His lips and one eye are now black.. I wonder if hes going that direction...


----------



## MrVampire181 (May 12, 2009)

You'll never know...that's why we love marbles!


----------



## dramaqueen (Jul 7, 2008)

Marble bettas are like a box of chocolates... you never know what you're gonna get. lol


----------



## MrVampire181 (May 12, 2009)

dramaqueen said:


> Marble bettas are like a box of chocolates... you never know what you're gonna get. lol


 MMM Tasty...well the chocolate not the bettas


----------



## dramaqueen (Jul 7, 2008)

lol!!!


----------



## BunniesLair (Jul 20, 2010)

*Updated Photos*

Ok Mr. T aka FishyFace has some new photos. 11-29-2010

Almost all his green on his body is gone now. He has a bit remaining on by his tail. His fins are losing colors in stripes. Rather odd to me. 
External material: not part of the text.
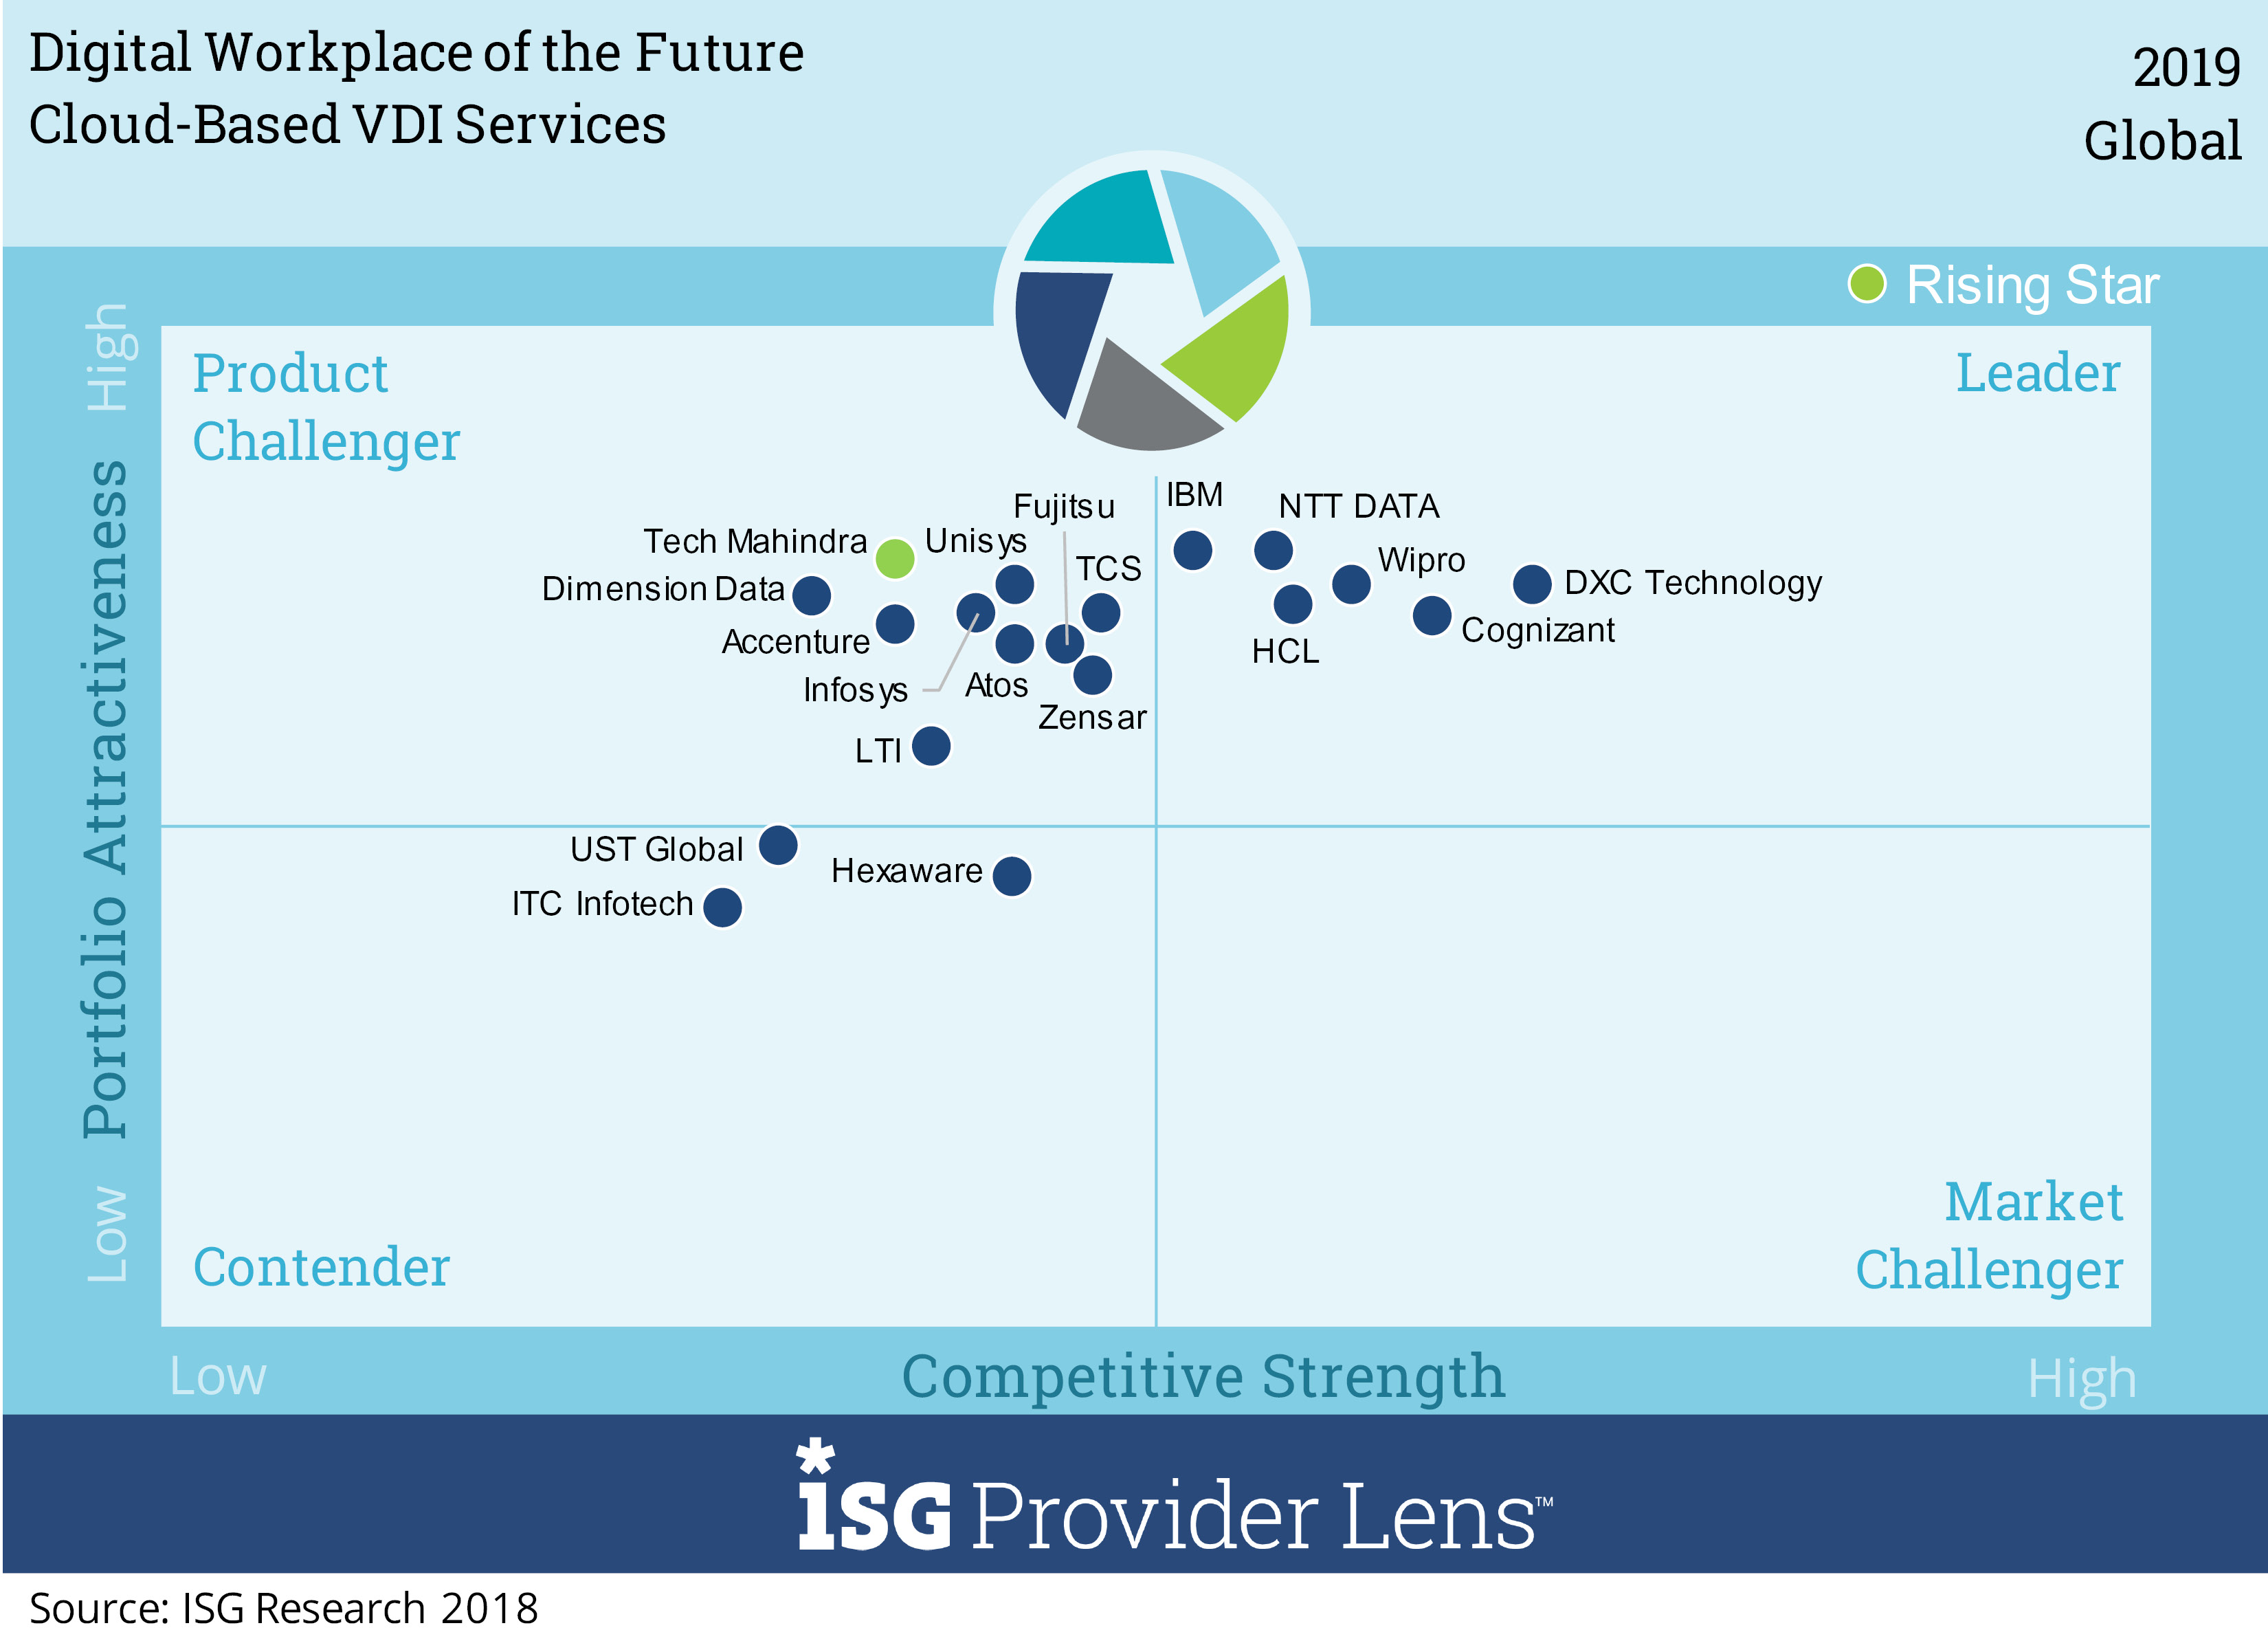 Wipro has been positioned as a Global Leader in Digital Workplace of the Future ISG Provider Lens study 2019

It looks to me like his lips are turning black, and around his gills are turning dark too. I couldn't get a photo of him. He likes to dart around and moves too fast for me. So I apologize about the lousy photo quality.


----------



## NikiandBeyond (Nov 26, 2010)

He has a very nice mustache! If he gets a beard too, he'll be very much like Mr. T! :brow:


----------



## purplemuffin (Aug 12, 2010)

I love Marbles! So crazy!


----------



## dramaqueen (Jul 7, 2008)

He's very pretty!!


----------



## WolfLinket (Nov 15, 2010)

BunniesLair said:


> Ok Mr. T aka FishyFace has some new photos. 11-29-2010
> 
> Almost all his green on his body is gone now. He has a bit remaining on by his tail. His fins are losing colors in stripes. Rather odd to me.
> 
> It looks to me like his lips are turning black, and around his gills are turning dark too. I couldn't get a photo of him. He likes to dart around and moves too fast for me. So I apologize about the lousy photo quality.


Cool he's looking better! He looks like he'll be a dragon betta or a *combodian (Sorry for bad spelling)
*


----------